6. The method of claim 5,

The scoring module sequentially places a plurality of candidate objects in the score calculation function, so that the entity with the highest score is an object related to an embedding value that connects the extracted topic and the query embedding value with the embedding value of the most similar predicate. Knowledge completion device using decision-making query and knowledge graph relationship learning.
As a method of completing knowledge by using a query and knowledge graph relationship learning in a device including a processor and a memory,

outputting a query embedding value corresponding to the inputted query;

extracting a topic from the input query;

outputting embedding values for a plurality of predicates, subjects, and objects included in the knowledge graph;

determining a predicate most similar to a query statement by calculating a similarity between the query embedding value and each of the embedding values of the plurality of predicates;

concatenating the embedding value of the query and the embedding value of the most similar predicate; and

Inferring a new triple using the extracted topic, the embedding value connecting the embedding value of the query and the embedding value of the most similar predicate, and the subject and object of the knowledge graph.
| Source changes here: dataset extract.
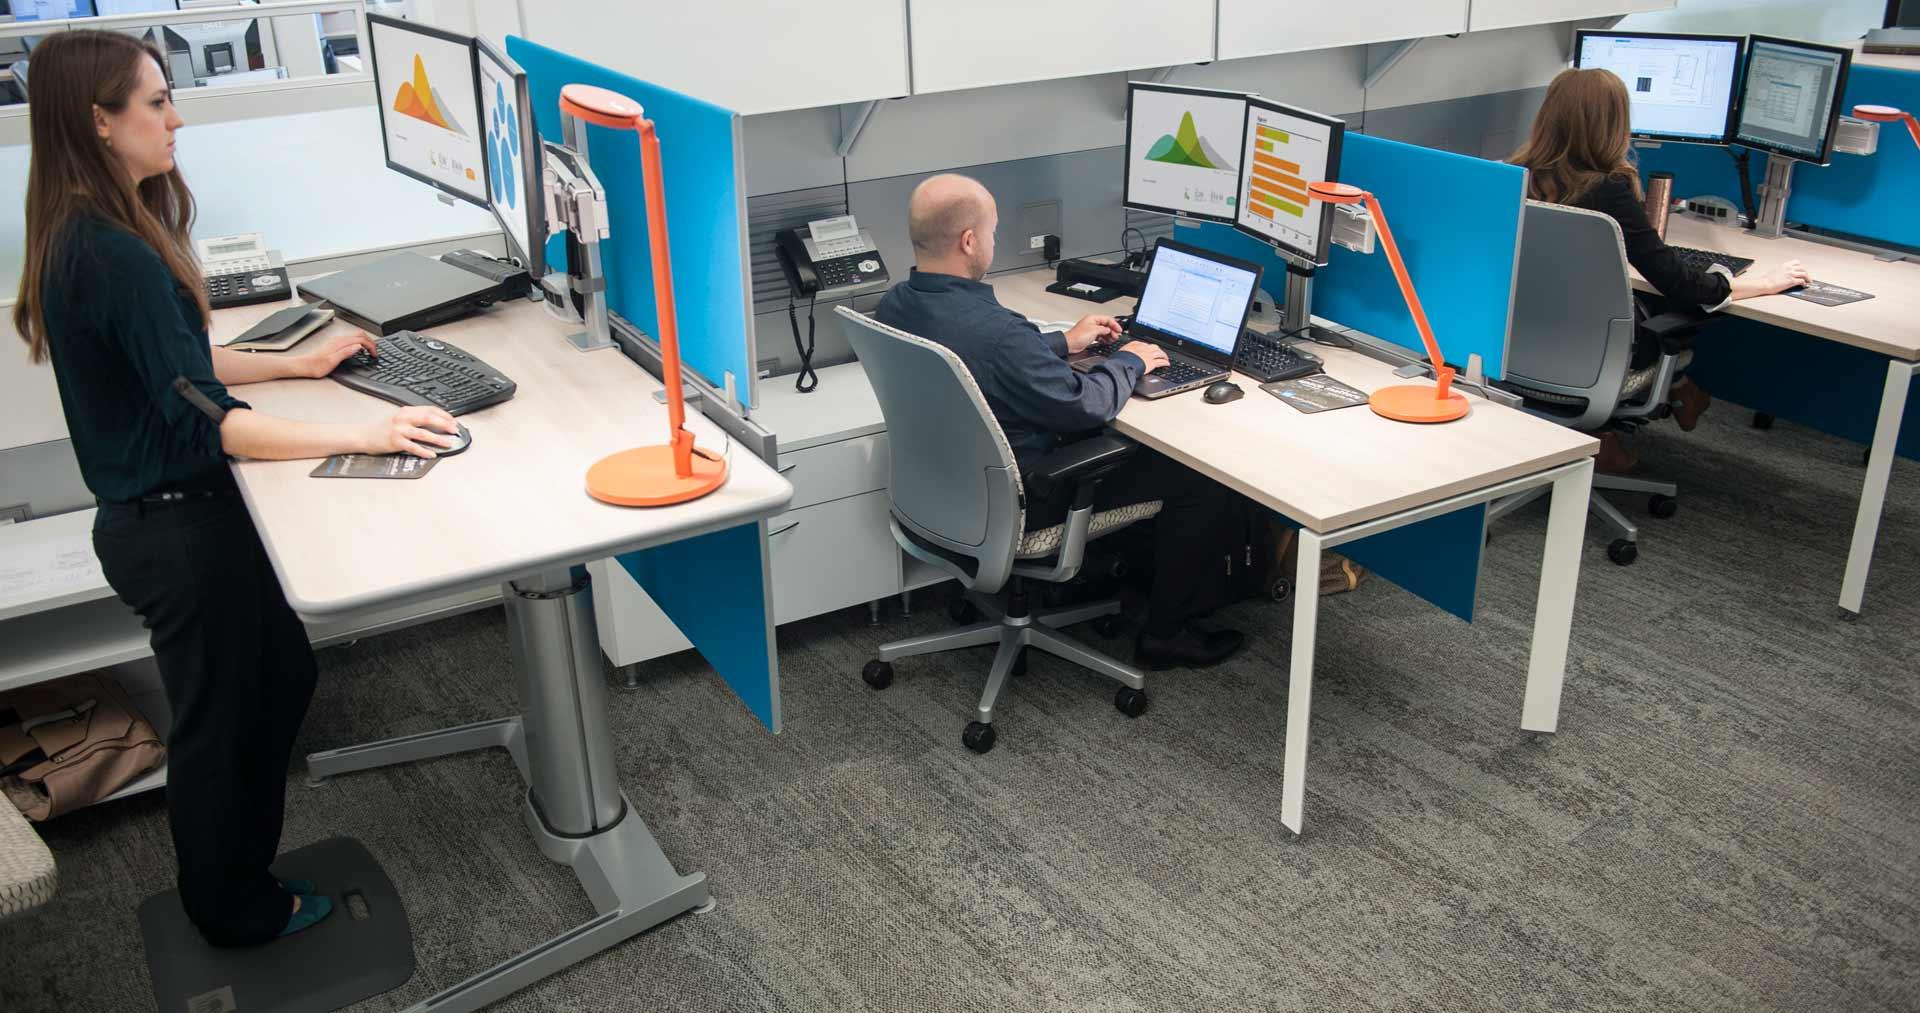 commercial interior design jobs at premier steelcase partner nbs

How to use knowledge to complete.
8. The method of claim 7,

In the step of determining the predicate most similar to the query, a dot product operation is performed on the embedding values of all predicates obtained through the graph embedding module, and the highest value is found by taking a sigmoid. Knowledge completion method using graph relation learning.
8. The method of claim 7,

In the step of inferring the new triple, the extracted topic is placed in the subject, the embedding value connecting the query embedding value and the embedding value of the most similar predicate is placed in the predicate, and the subject and object of the knowledge graph A knowledge completion method using a query statement that infers a new triple by locating them to the candidate object and knowledge graph relational learning.
A computer readable program for performing the method according to claim 7.